How should investors think about factor capacity? Based on our research, there are three ways we can measure capacity, and all three suggest the scope for factor investing is massive relative to assets under management today.

As of October 31, 2019, the total US factor ETF assets—factor investing done through ETFs—were at $482 billion.¹ Factor investing is one of the fastest growing areas of asset management, with approximately 78% of the aggregate growth in factor assets coming from net new flows (22% from appreciation).²

Chart 1: U.S. Factor ETF asset growth

Source: BlackRock, iShares Global Business Intelligence.
*Data YTD as of October 31, 2019

As factor ETF assets have climbed, a fair question is just how large factor strategies can become before the amount of capital begins to weigh on returns?

The answer: A LOT.

The question then turns to how investors should think about factor capacity? Based on our research there are three ways we can measure the capacity of factor-based strategies:³

Transaction costs

When you invest in a factor fund, you ultimately invest in a selection of stocks and will incur transaction costs. As more investors put money into the fund, transaction costs increase. At what point do the historically observed premiums in factor strategies become eroded by trading frictions?

To answer this question, we estimate factor capacity using a proprietary transaction cost model, built up from fixed costs and market impact for each individual security. Not surprisingly, the factor with the smallest capacity is momentum: the high standalone volatility and turnover of the momentum strategy leads to relatively high transaction costs—but even here, the capacity of momentum at a five-day trading horizon is $324 billion. Currently, there is only $12 billion in this strategy, which is less than 4% of capacity! Conversely, the capacity for minimum volatility is $6.8 trillion compared to only $88 billion being invested today, and the capacity for multi-factor combinations (value, quality, momentum, and low size) is in excess of $1.5 trillion!

Chart 2: Capacity for a Five-Day Trading Horizon AUM and Capacity ($B)

For illustrative purposes only.

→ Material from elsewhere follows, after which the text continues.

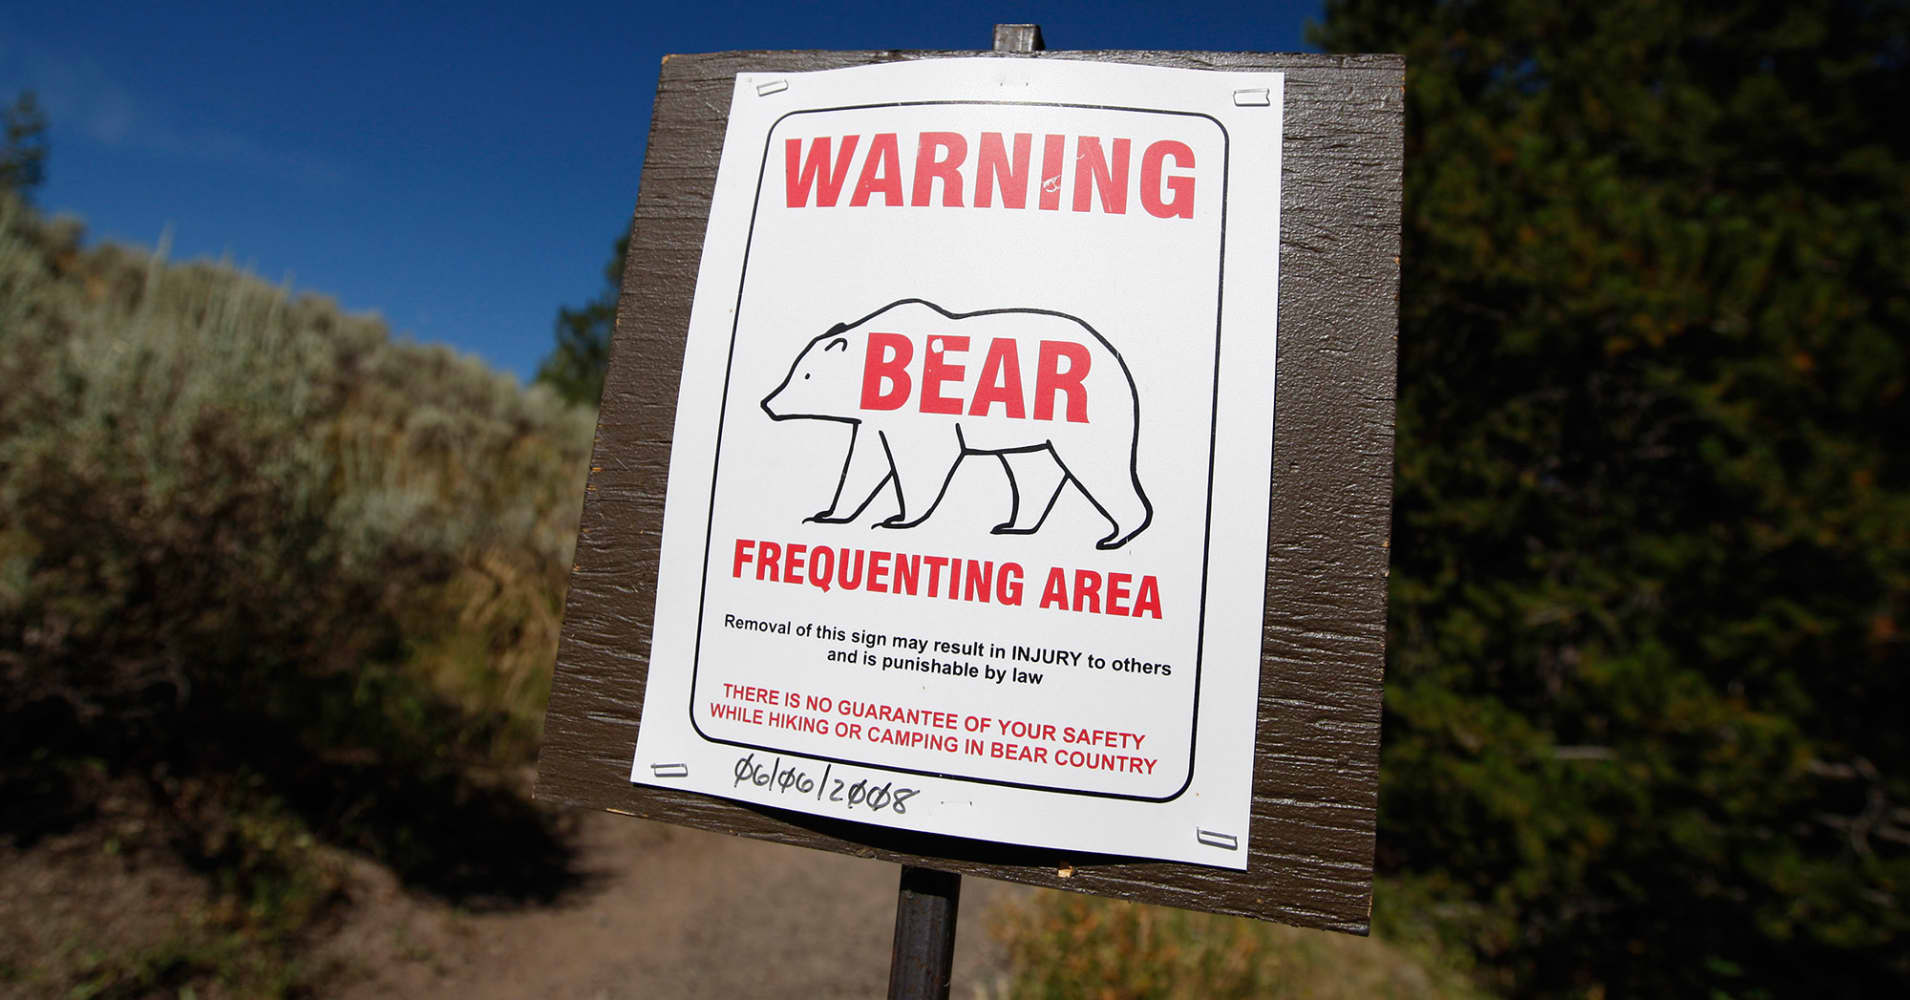 Syria strike, N. Korea could push Wall Street into bear market

Capacity calculations as of June 14, 2016: See Capacity of Smart Beta Strategies: A Transaction Cost Perspective: Ratcliffe, Miranda and Ang (2016). *AUM data based on BlackRock, iShares Global Business Intelligence data as of October 31, 2019. All factors are representing the factor universe in smart beta strategies as described in the paper.

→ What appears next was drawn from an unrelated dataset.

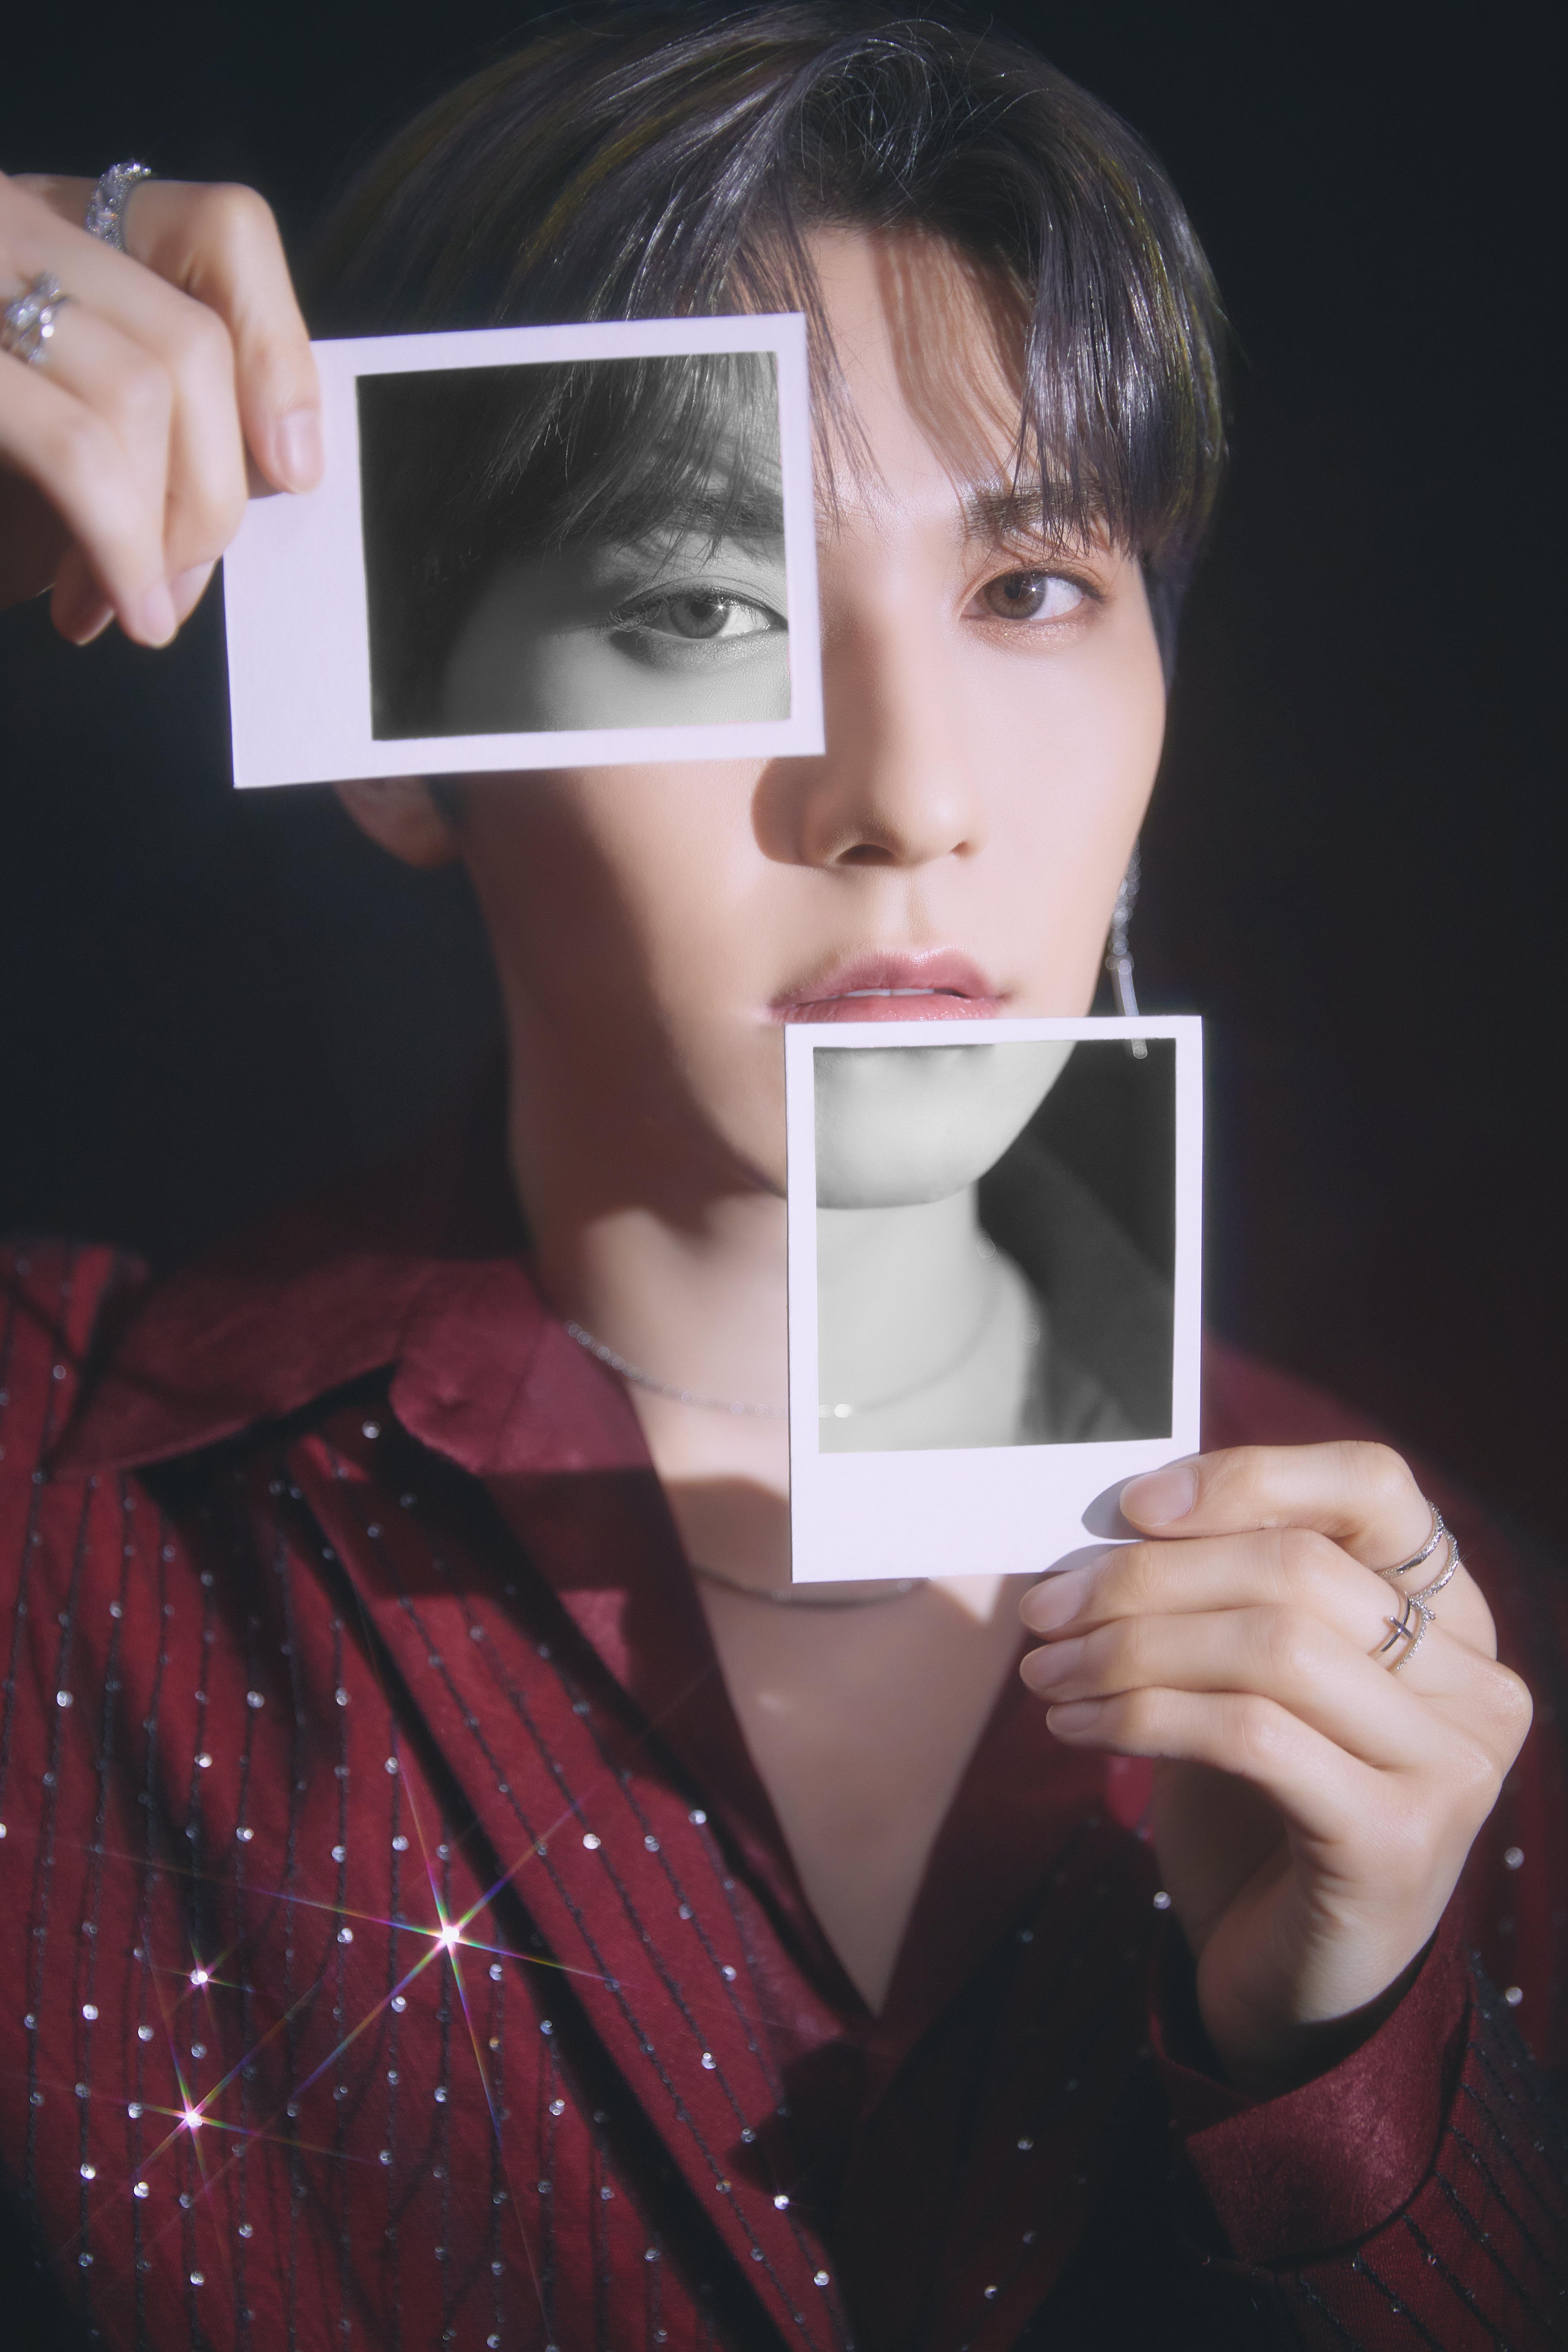 oneus_binary_code_black_mirror_concept_keonhee

New money vs existing money

To provide some context on the size and scope of factors, l et’s first review the total size of the broader investment universe.

The S&P 500 is the world’s most-tracked index. As of December 31, 2018, the total market cap of the S&P 500 was $22.1 trillion. According to S&P Dow Jones Annual Survey of Assets, active US equity strategies account for $5.6 trillion of that market cap (25%), while passive market cap index strategies account for $3.6 trillion (16%). (Security holdings by other investors such as hedge funds, sovereign wealth funds, pension funds, insurance companies and other financial institutions, and individuals account for the remaining $12.9 trillion.) Comparatively, total US factor strategies would account for less than 1% of this stock ownership, with minimum volatility strategies less than .004%. The scope for factors is enormous by comparison!

Chart 3: Size of US Factor Strategies Relative to S&P 500 Index

Source: Dow Jones Inc., S&P Global 2019 Investor Fact Book
*BlackRock data as of October 31, 2019

Traditional active mutual funds have significant factor exposures: they are underweight minimum volatility, underweight value, and tend to hold momentum stocks. Another way to measure capacity is to estimate how much money would be required for these active funds to neutralize their under- or over-weights.

Chart 4: Aggregate factor exposures for all active mutual funds

Aggregated Factor Exposures for All Active Mutual Funds
Source: Barra, BlackRock, Morningstar, MSCI, Thomson Reuters as of 3/31/2016

Take minimum volatility as an example. Active funds tend to be underweight minimum volatility because these funds need to take risk, relative to benchmarks, to generate returns. As such, they are underweight to low risk stocks. In order for these active funds to eliminate their underweight to minimum volatility they would need to collectively invest $650 billion in minimum volatility! (Compared to just $88 billion in total US minimum volatility AUM today.)

Factor premiums and invested capital in equilibrium

A final way to quantify the capacity of factor strategies is to jointly estimate factor premiums and invested capital. For the nerds who might appreciate it, the estimates of factor capacity using transaction costs or active fund holdings are partial equilibrium calculations. But in equilibrium, prices and quantities are determined together.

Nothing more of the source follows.